У Райта получился очень писательский роман: история о проживании утраты и о том, что искусство требует жертв. Автор, возможно, и хотел бы дать героям нормальную, комфортную жизнь, но не может – чтобы сказать что-то важное, добраться до сути, он вынужден мучить и убивать любимых персонажей, делать им очень больно. Поэтому особенно интересно читать главы, в которых Сьюзен думает о прочитанном. Вот так, например, она реагирует на одну из самых страшных сцен в книге, когда герой находит мертвые тела своих жены и дочери:

«Ты убил их, Эдвард… ты взял и сделал это… Она ошарашена… как будто не знала, что так и будет. Чудовищное, нестерпимое преступление – хотя она убеждена, что если бы они остались живы, то она была бы разочарована. Бедный Тони, как же ее удовольствие зависит от его горя»[57].

Сьюзен шокирована сценой с мертвыми женщинами, хотя и признает, что любой другой исход ее бы разочаровал. И очень важный нюанс: она винит в убийстве именно автора, не маньяка из книги, а того, кто придумал маньяка, того, кто позволил себе описать два мертвых тела, закрепить их смерть в словах.

В этом смысле роман «Тони и Сьюзен» работает как отличный комментарий к финальной сцене игры, в которой игрок выступает соавтором такого же чудовищного, нестерпимого преступления. Мы столько времени провели с героями, так долго наблюдали за тем, как Джоэл заново учится быть человеком и позволяет себе эту слабость – привязаться к кому-то. И когда это наконец происходит, авторы сталкивают его с самым большим страхом, вынуждают вновь прожить горе. Ему сообщают, что вакцину можно изготовить лишь ценой жизни Элли.

Перед ним выбор: близкий человек или будущее человечества?

Не в силах смириться с этим, Джоэл устраивает резню в больнице и в самом конце хладнокровно убивает безоружного хирурга. Со стороны он выглядит как психопат, помощница хирурга в операционной, прижавшись к стене, называет его «животным», но мы к тому моменту уже прошли с ним все стадии проживания утраты. Мы понимаем его, и нам бы очень хотелось, чтобы все закончилось иначе.

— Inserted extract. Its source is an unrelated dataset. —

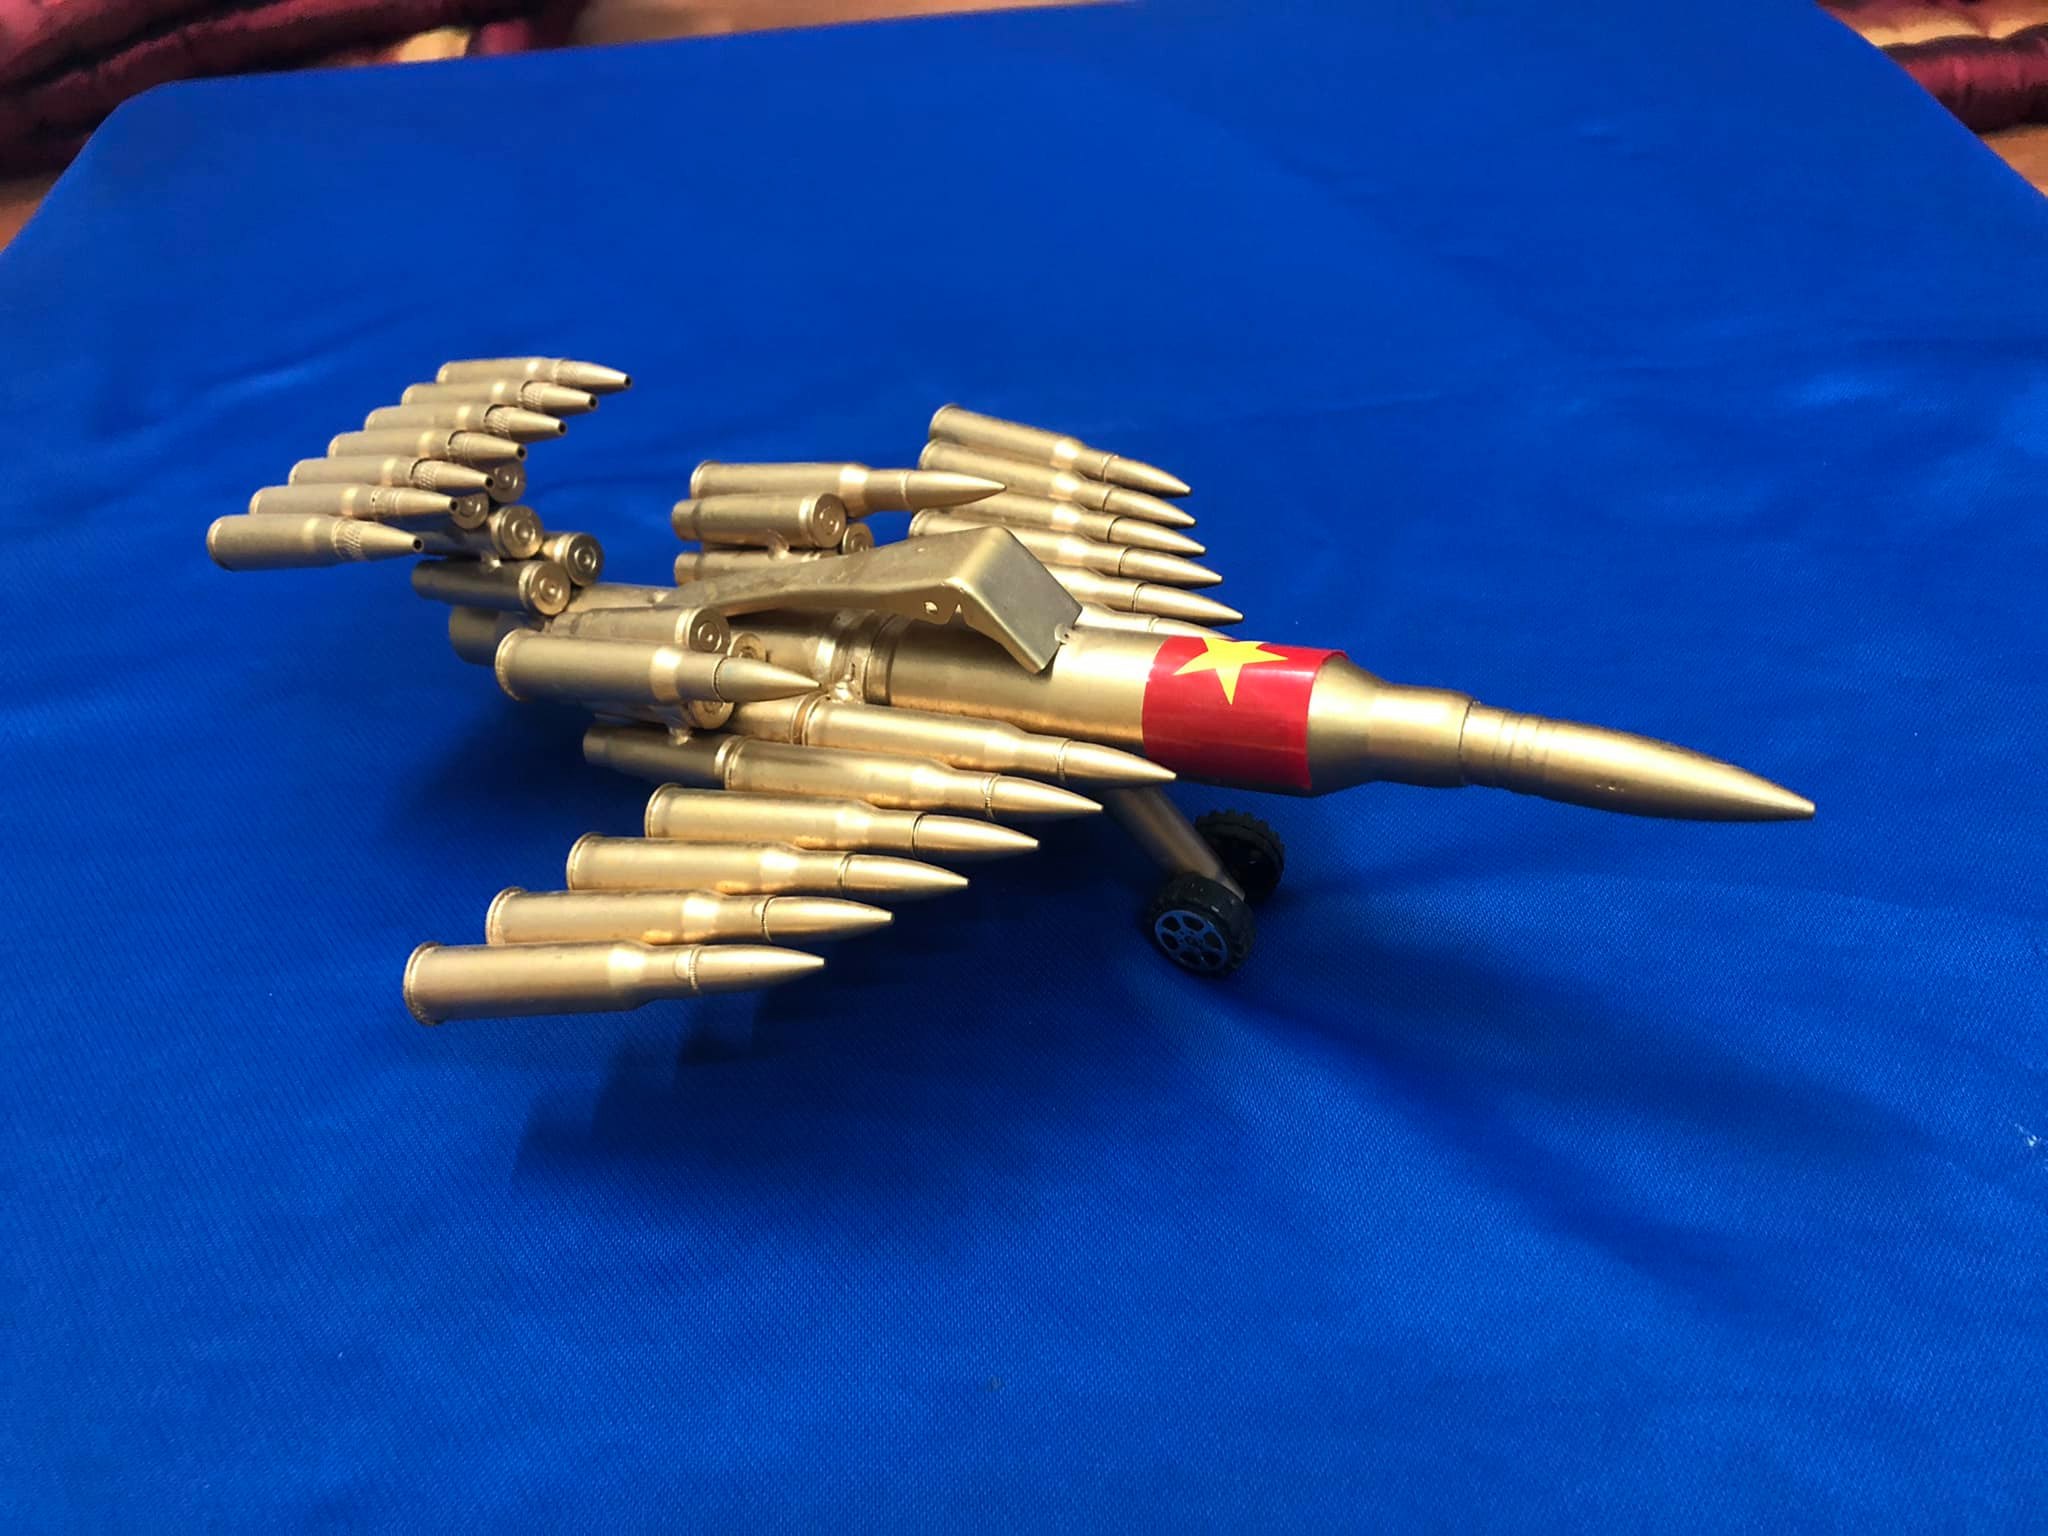 Mô hình vỏ đạn máy bay chiến đấu trưng bày, tặng 1 móc khóa viên đạn

Тут, впрочем, возникает вопрос: а возможен ли другой финал? Если бы история закончилась хорошо, мы – как и Сьюзен из романа Райта – были бы разочарованы и я бы сейчас не писал этот текст.

Только представьте: Джоэл и Элли добираются до больницы, находят «Цикад», хирург Джерри Андерсон проводит тесты и без вреда для Элли разрабатывает вакцину от кордицепса. Мир спасен, все счастливы, титры.